Available data >>
################

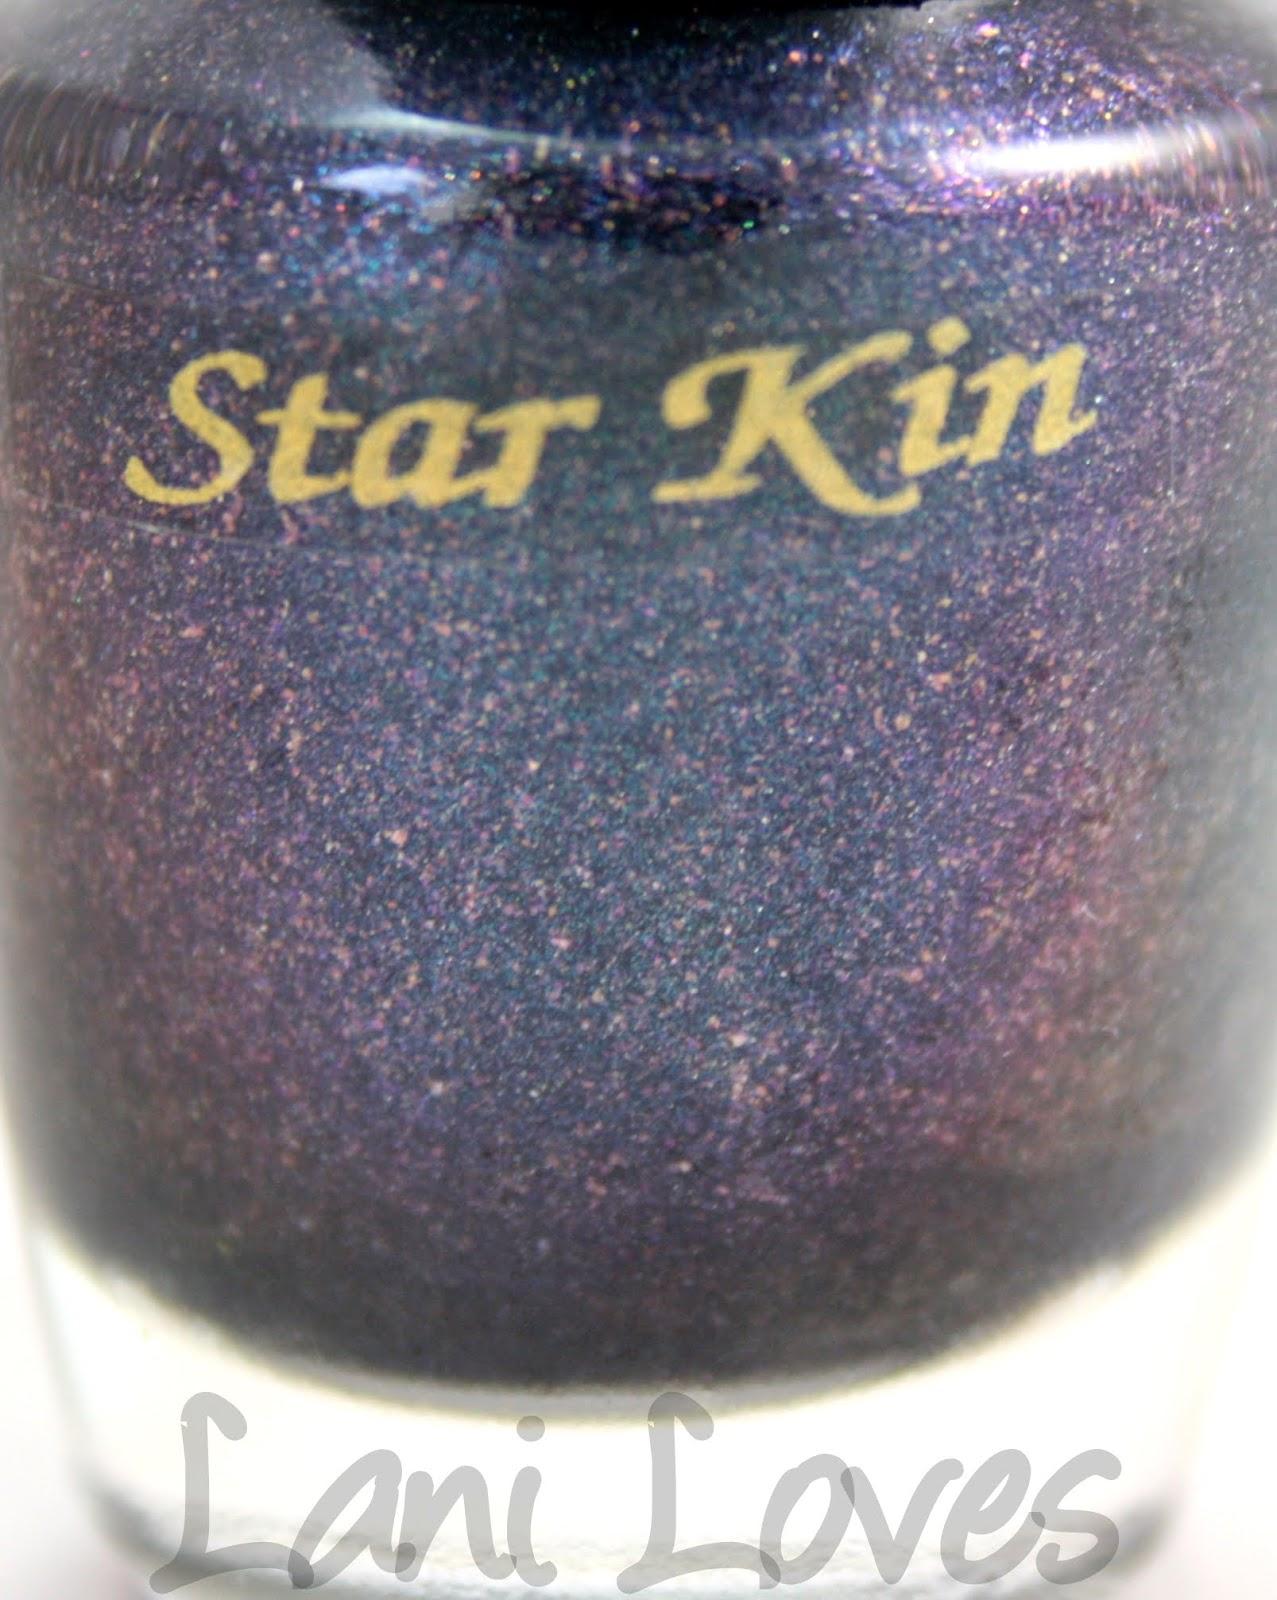 Star Kin Orion
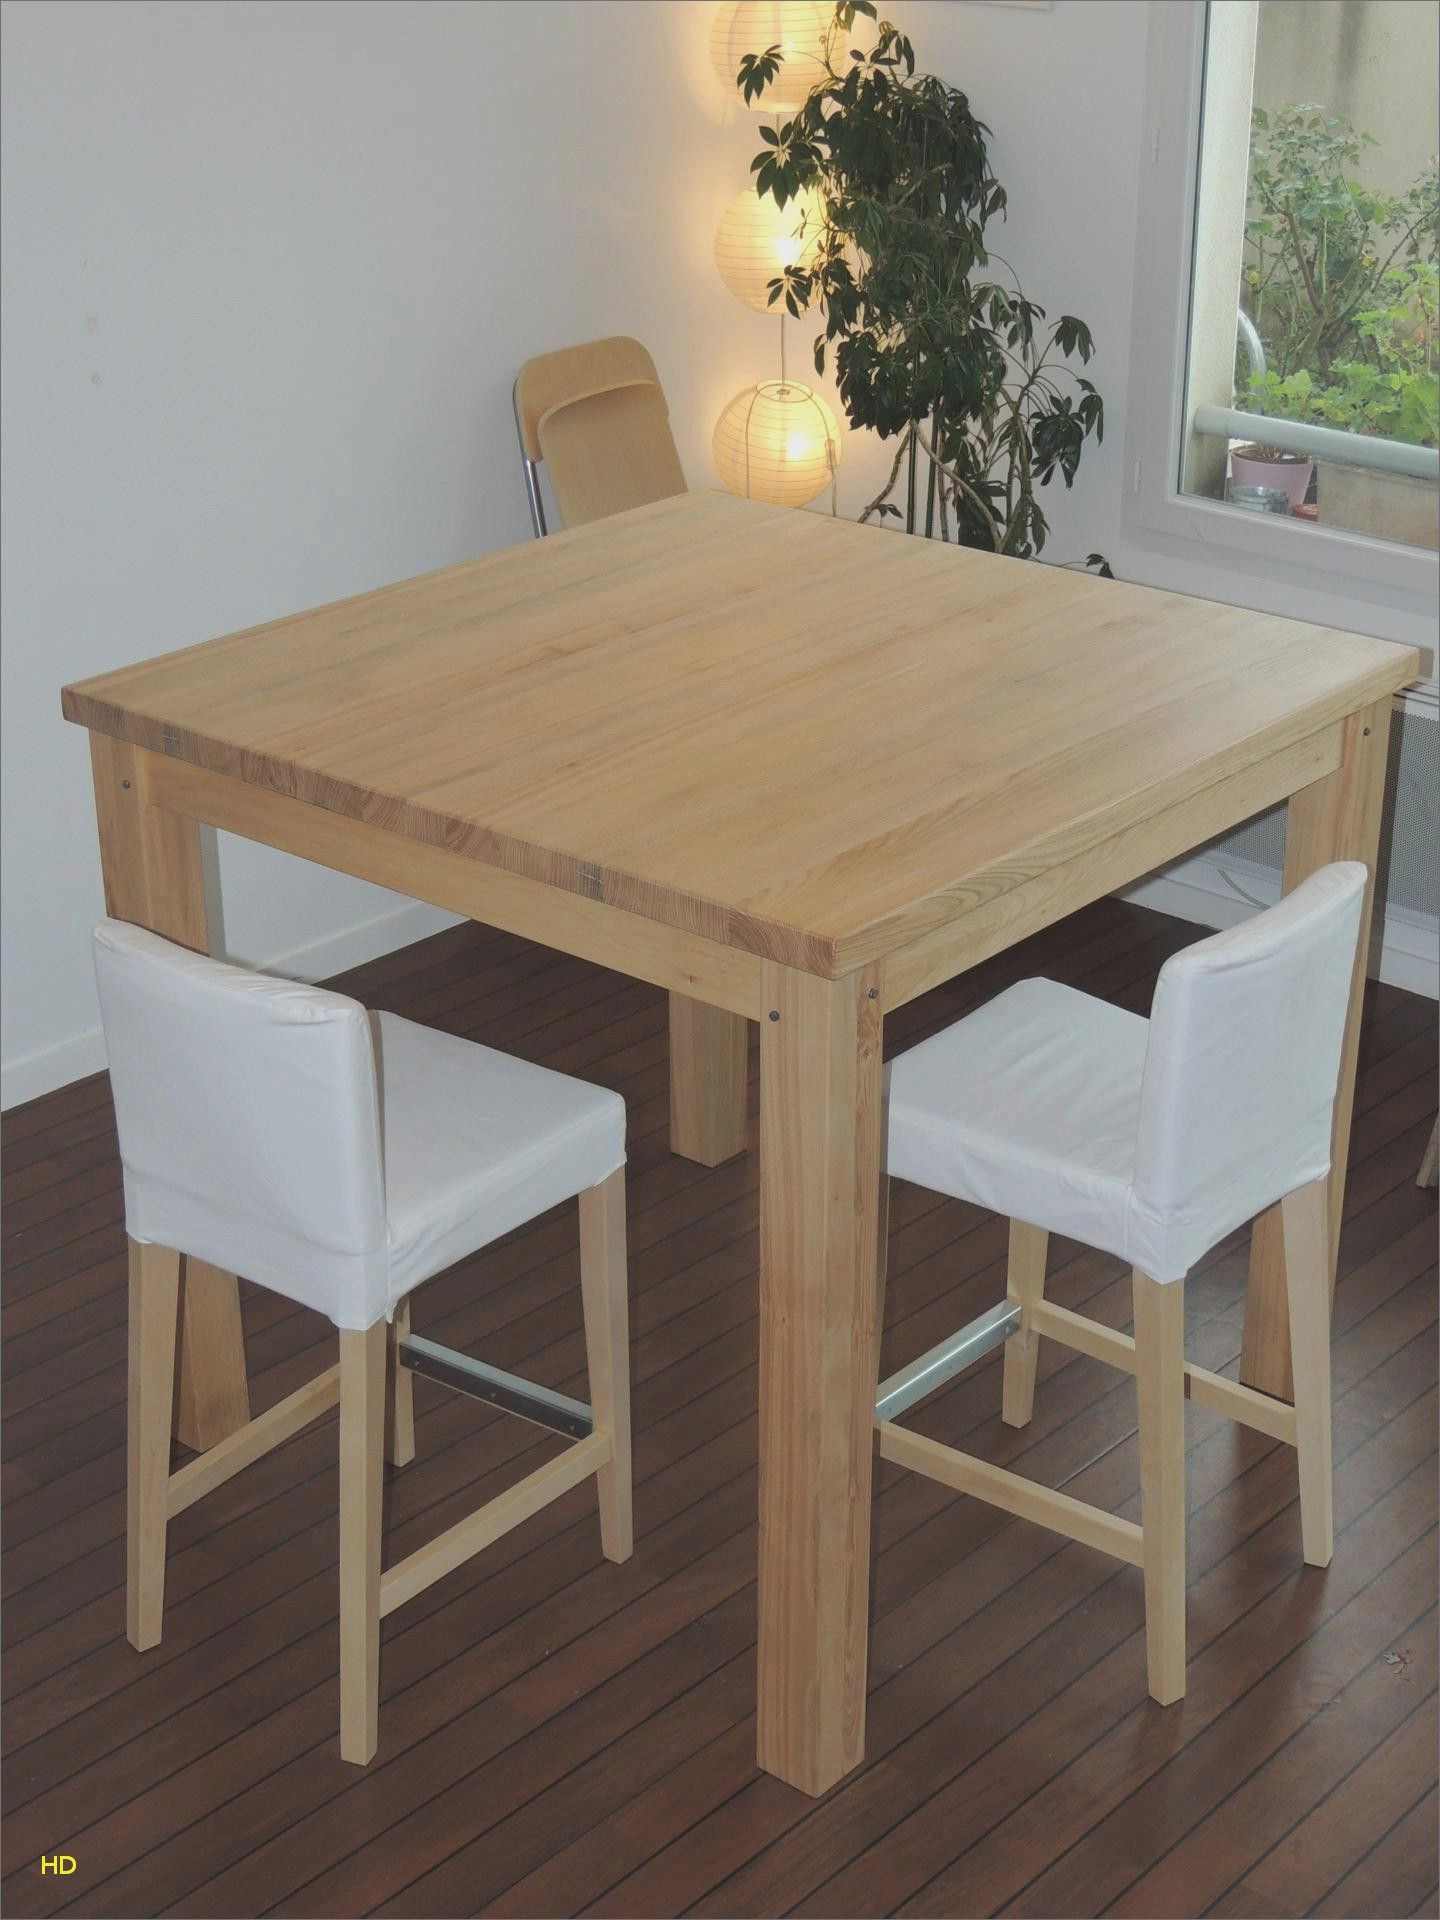 Ikea Table De Cuisine Meilleur Table Ronde Cuisine Ikea Ikea ... destiné Table Ronde Jardin Ikea
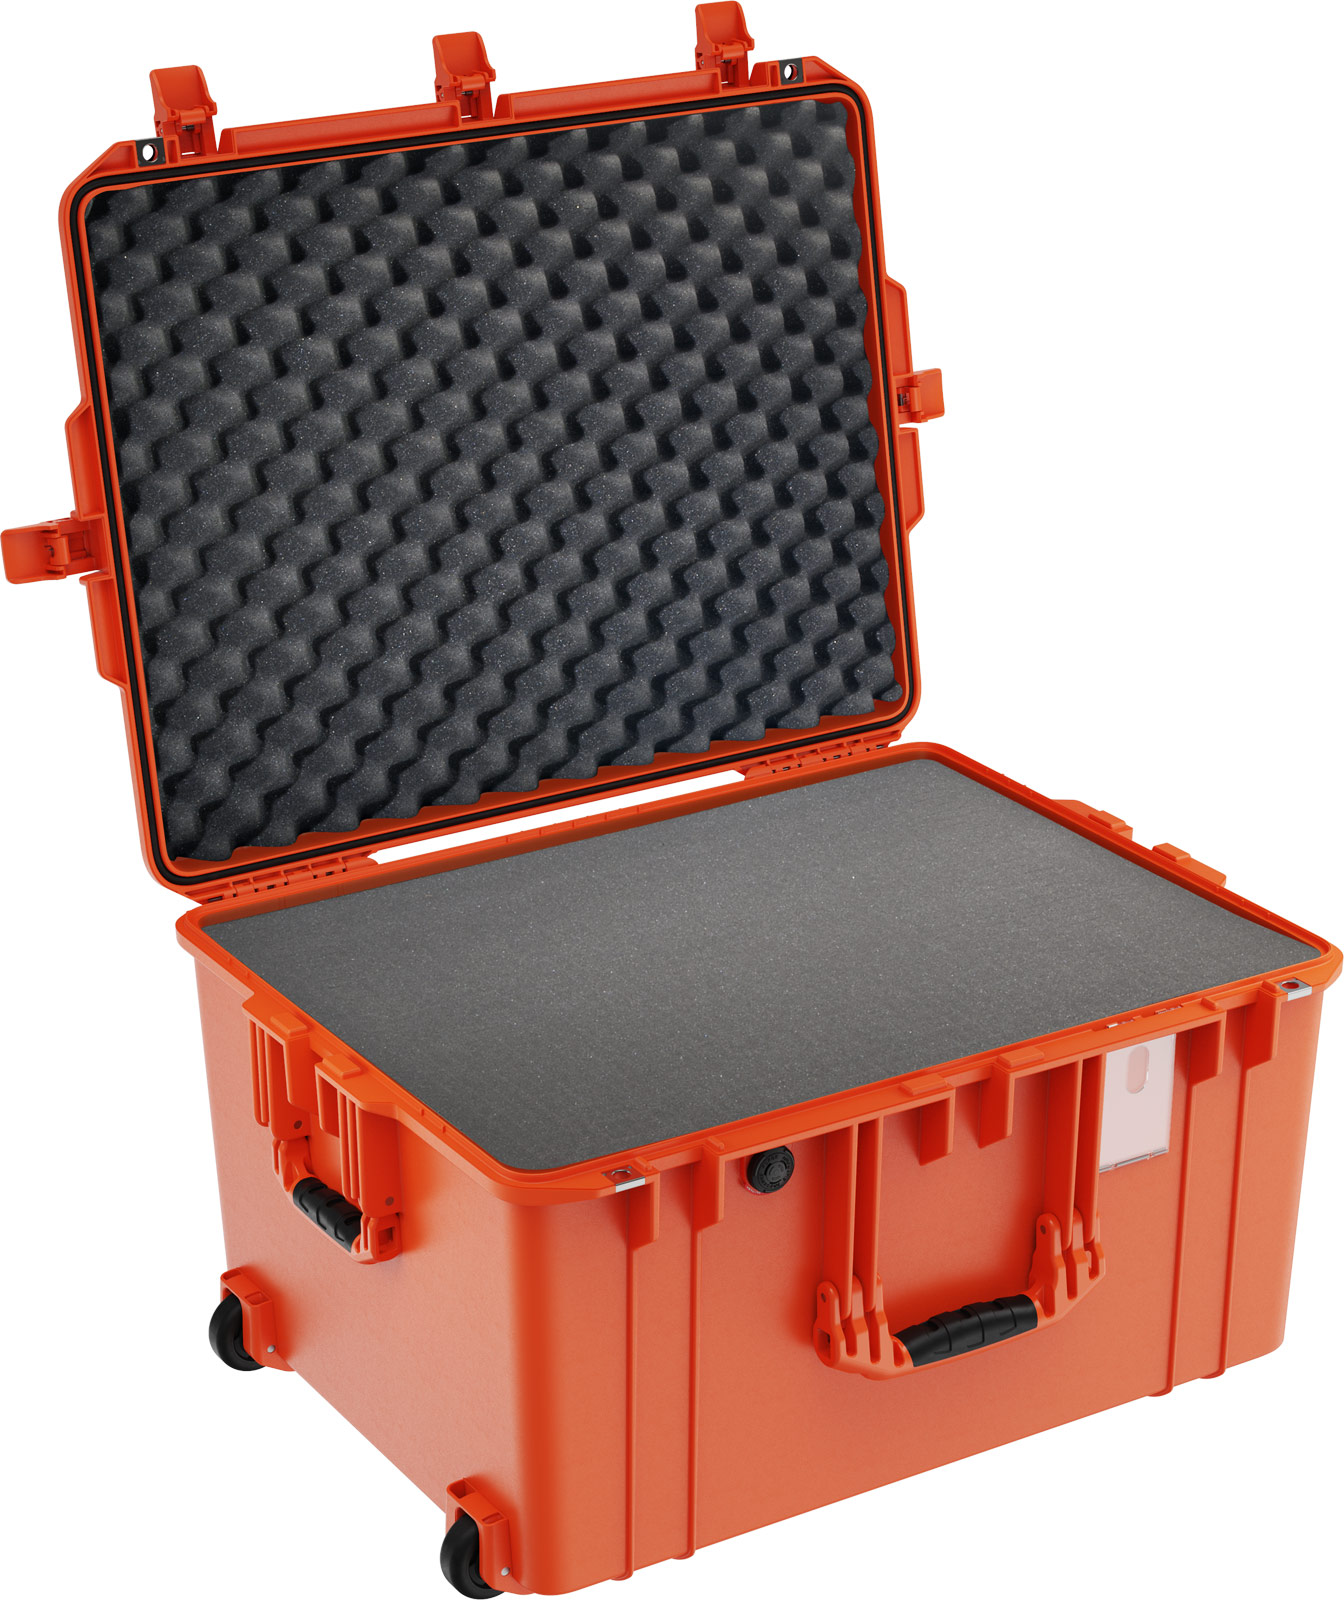 pelican 1637 foam airtight tough orange case

################

Exercise brief >> Each line from the one that holds "Ikea Table De" through the final line of the data must be retyped exactly; the pictures must not appear.

Task answer >>
 Ikea Table De Cuisine Meilleur Table Ronde Cuisine Ikea Ikea ... destiné Table Ronde Jardin Ikea
 pelican 1637 foam airtight tough orange case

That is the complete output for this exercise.